Australia warned bid for nuclear subs carries ‘enormous’ risks

Tuesday, Dec 14, 2021

Sydney: Australia’s bid to develop a fleet of nuclear-powered submarines will cost more than US$80 billion and take decades in the "most complex" project the country has ever embarked on, a study released Monday warned.

The report from the Australian Strategic Policy Institute -- an influential Canberra-based think tank -- said ownership of the high-tech subs built with US or British know-how would offer a major advantage in deterring aggression from China or elsewhere.

But it will also be a fiendishly difficult task requiring a step-change in Australia’s military and industrial capabilities. It is "probably the largest and most complex endeavour Australia has embarked upon. The challenges, costs and risks will be enormous," the think tank warned. "It’s likely to be at least two decades and tens of billions of dollars in sunk costs before Australia has a useful nuclear-powered military capability."
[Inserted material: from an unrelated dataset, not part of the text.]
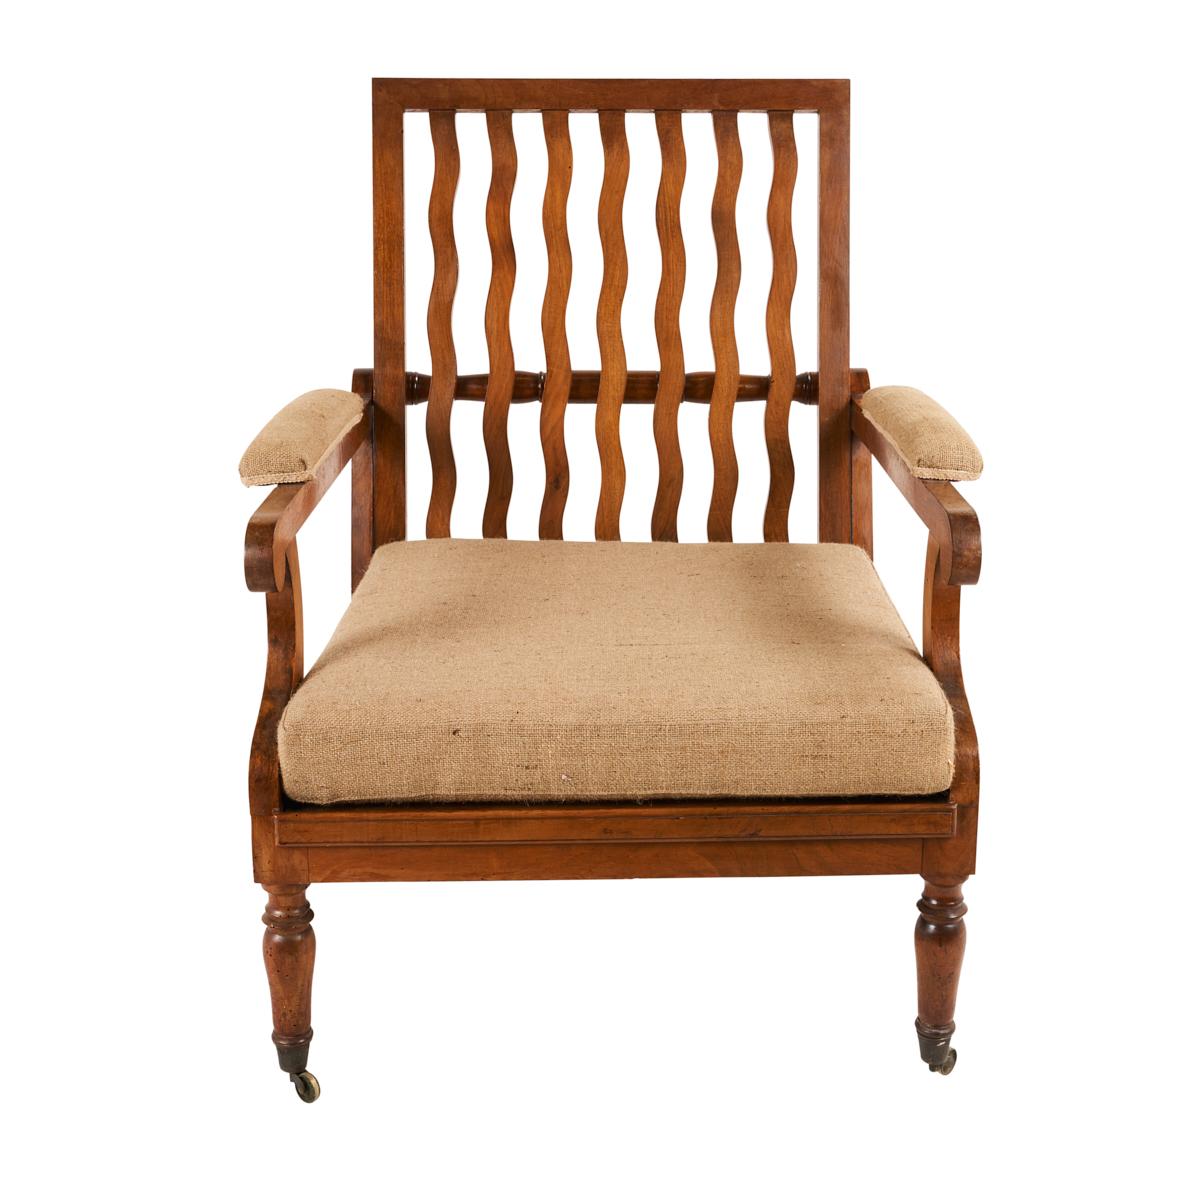 1820s furniture

The project, announced last month, will make Australia the only non-nuclear weapons power to own nuclear-run submarines, which are capable of travelling quickly over long distances carrying long-range missiles and state-of-the-art underwater drones.

Canberra plans to equip them with conventional rather than nuclear weapons. It has yet to decide whether it will buy US or British technology, what class, size and capabilities the subs will have, where they will be built or how radioactive material will be handled.

Even under an optimistic schedule, the first submarines are unlikely to be operational before 2040, according to the report’s authors, who include former Australian defence department officials and an expert on nuclear physics.